Now that was interesting.
"Do it again."
She had not intended to say those words. It was not part of her plan for to ensure William truly would marry her by way of this type of seduction. But she wanted him. She wanted his lips upon her skin, his warmth, his presence, the feel of him pressed up against her, losing control. What did it matter if a consequence of their shared pleasure was to bind him even more strongly to her?
"I mustn't," William said quietly, though he kept a hold of her hands. "I... well, I desire you very much, Alice, and I... if I give into such longing—"
"I don't mind," said Alice quickly, thinking rapidly. Yes, that would be an excellent way to ensure their marriage. And besides, if that little taster was anything to go by, she would very much enjoy being bedded by the Duke of Cothrom.

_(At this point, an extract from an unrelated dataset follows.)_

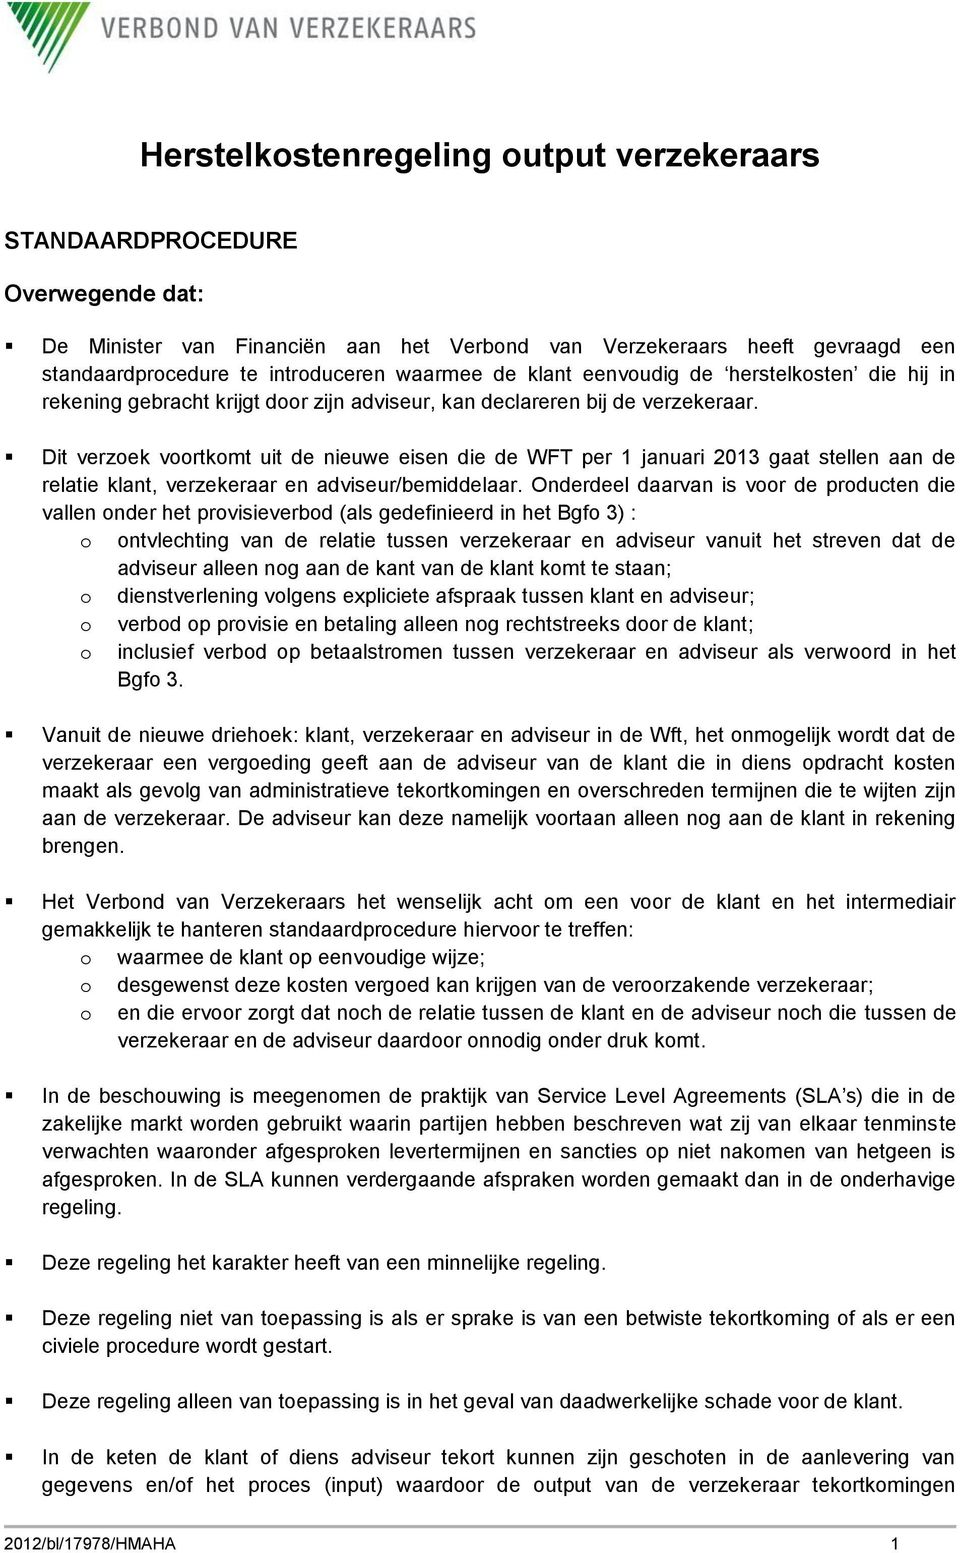 Dit verzoek voortkomt uit de nieuwe eisen die de WFT per 1 januari 2013 gaat stellen aan de relatie klant, verzekeraar en adviseur/bemiddelaar.
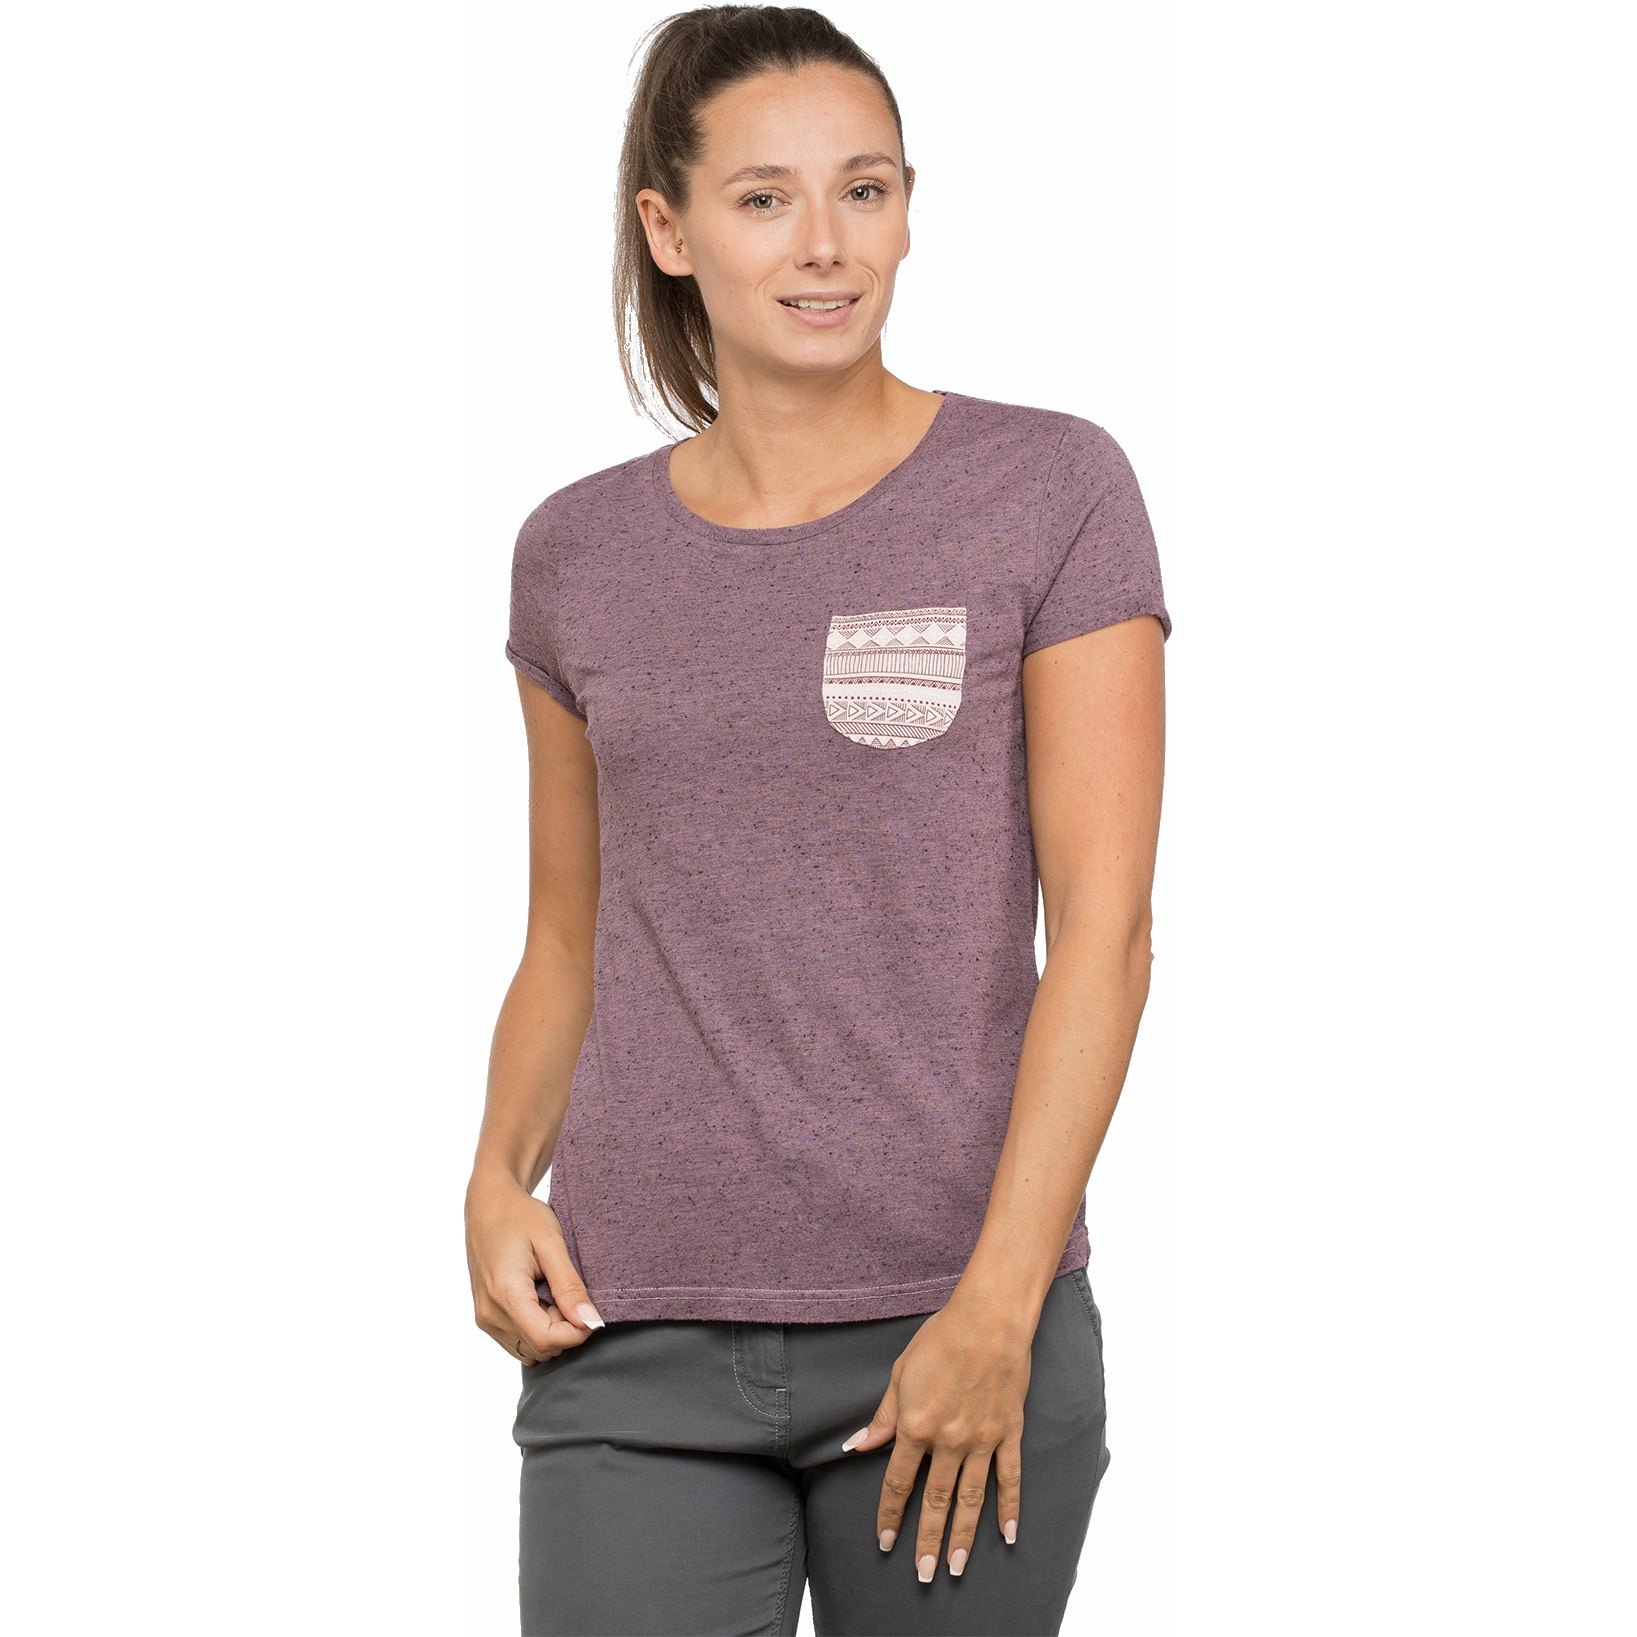 Produktbild von Chillaz Istrien T-Shirt Damen - violet

William's smile was roguish, just for a moment. "But I do. Alice, I want our first time to be special. Don't you?"
Alice tried to return the smile. First time. Ah. "Of course. In... in that case, shall we go for our walk?"
Taking a deep breath, and apparently gathering the strength to let go of her, William released her hands and rose. The mask came back down, and he was William Chance, impeccable model of propriety once more.
"I think that is an excellent idea, Miss Fox-Edwards," he said, offering an arm. "In public. Where we cannot—where I cannot—be tempted."